Of late, there is a tremendous hype about how Generative AI can do this, Generative AI can do that, etc. Most organizations who are anxious to get on the bandwagon have begun to realize that their data estate is not quite ready. Hitherto, CIOs have always put on the back burner any enterprise attempt at data management. It has always been a “surgical fix” designed to mitigate issues occurring at a point in time. Data management strategies abound but there are not many examples of successful data management implementations of these well researched (mostly) strategies. Why? There was no sense of urgency because the organization could always make do with workarounds and short-term fixes. They could never convince their CFO that a reliable and trustworthy data estate can indeed reap returns for the company.

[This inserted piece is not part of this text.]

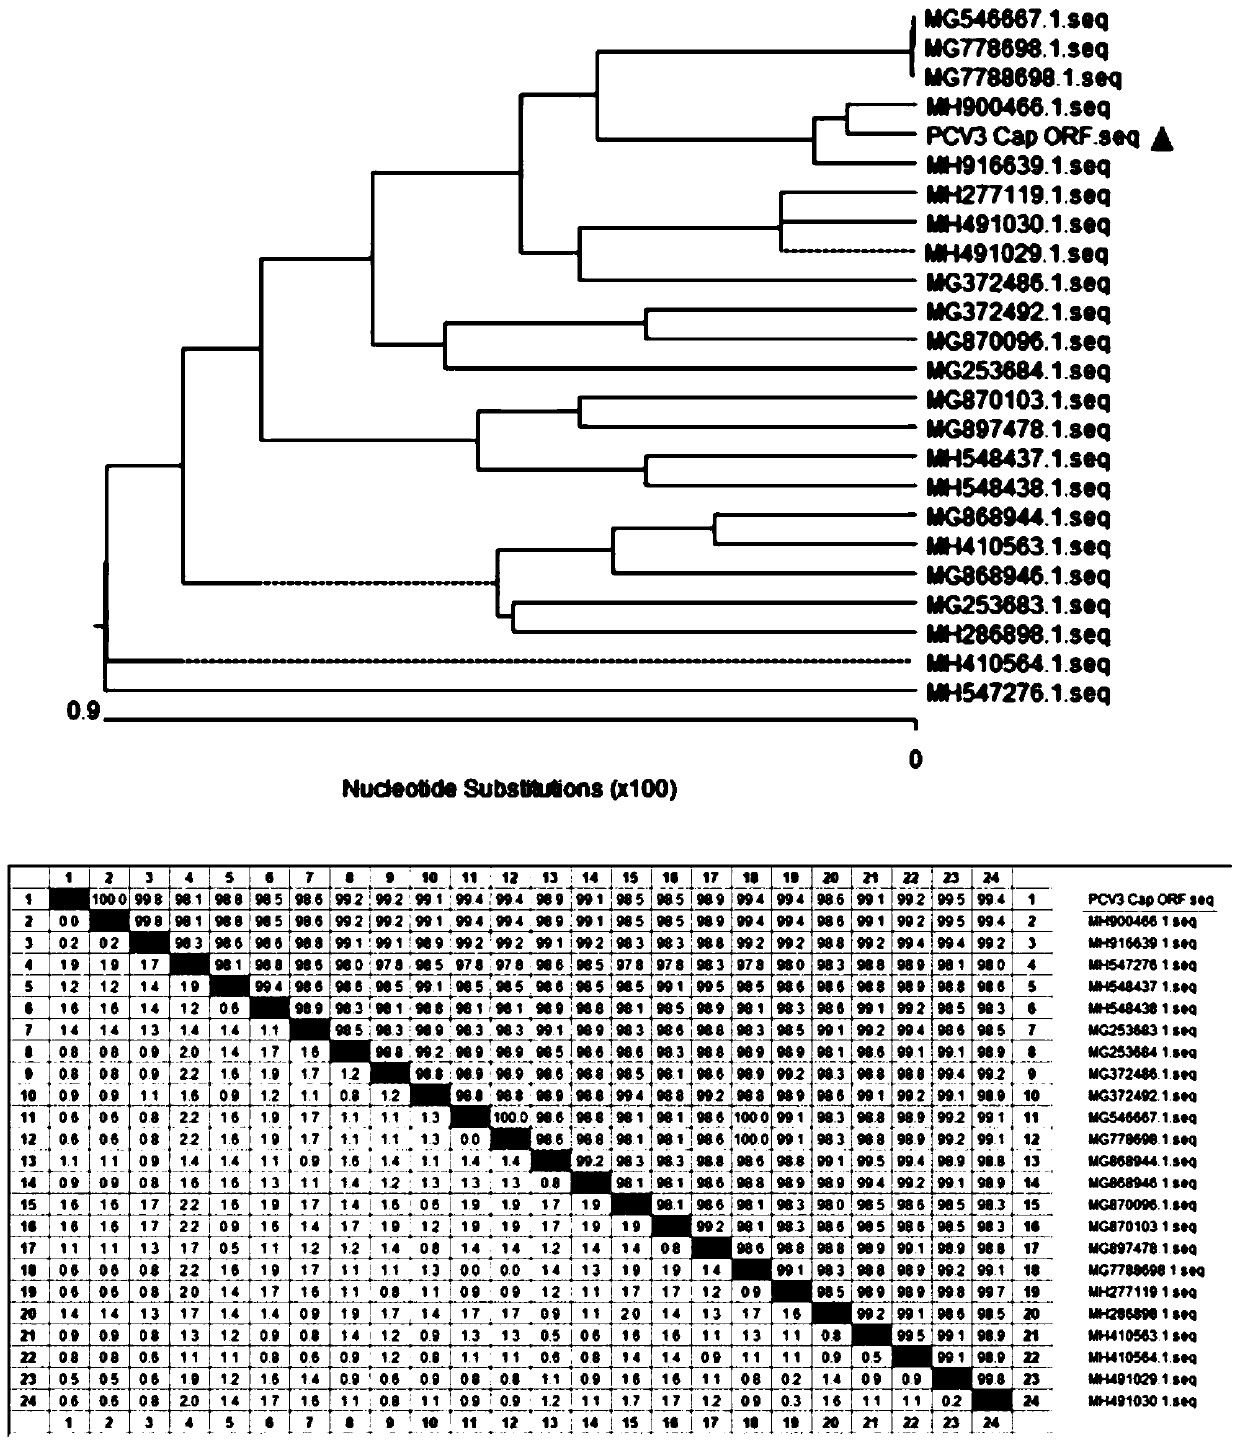 Recombinant rhabditiform plasmid and application thereof to expression of PCV3 Cap protein and vaccine

Data readiness is clearly the foundation for unlocking the true business value of generative AI. The underlying models rely on large amounts of data to learn patterns and make appropriate deductions relevant to the business. If the data used to train the model is inaccurate, incomplete, or biased, the outputs will be flawed and potentially unusable. It is one thing for a public LLM like ChatGPT or Gemini to give you erroneous information, but it is another thing for businesses to rely on the model outputs to run their business. It is not just “Garbage In, Garbage Out” anymore but it is more like F.O.U.L. data (data that results in Fractured Outcomes and Unforeseen Losses).

So what then are the benefits of data readiness? There are at least four that come to mind:

  1. Clean, unambiguous and high-quality data allows generative AI models to learn more effectively, leading to more accurate, relevant, and creative outputs.  This results in improved model performance which translates to better business results.
  2. Carefully curated data ensures that generative AI models don’t perpetuate stereotypes or generate discriminatory outputs. Reducing bias is crucial for ethical considerations and maintaining trust with your users.
  3. Data in the right format is easier for generative AI models to process, leading to faster training times and improved overall efficiency. This allows one to test the results of the models and refine them more quickly.
  4. Investing in data readiness upfront can reduce costs in the long run. Cleaning and correcting messy data after the fact is more expensive and time-consuming than preparing it properly before training models.

Data Readiness for Generative AI requires a multi-faceted approach:

  • Data Collection: Gather relevant data from reliable sources and ensure it aligns with the intended use case.
  • Data Cleaning: Clean data to remove errors, inconsistencies, and missing values.
  • Data Labeling: If the model requires labeled data, ensure accurate and consistent labeling to avoid confusing the model.
  • Data Governance: Establish data governance practices to ensure data quality, security, and compliance with regulations.

In conclusion, it is not just enough to sit on troves of data and except to do the Gen AI magic on top of them. IT will need to prioritize data readiness through effective data management strategies if they want to help businesses unlock the full potential of generative AI and achieve significant improvements in efficiency, innovation, and overall business value.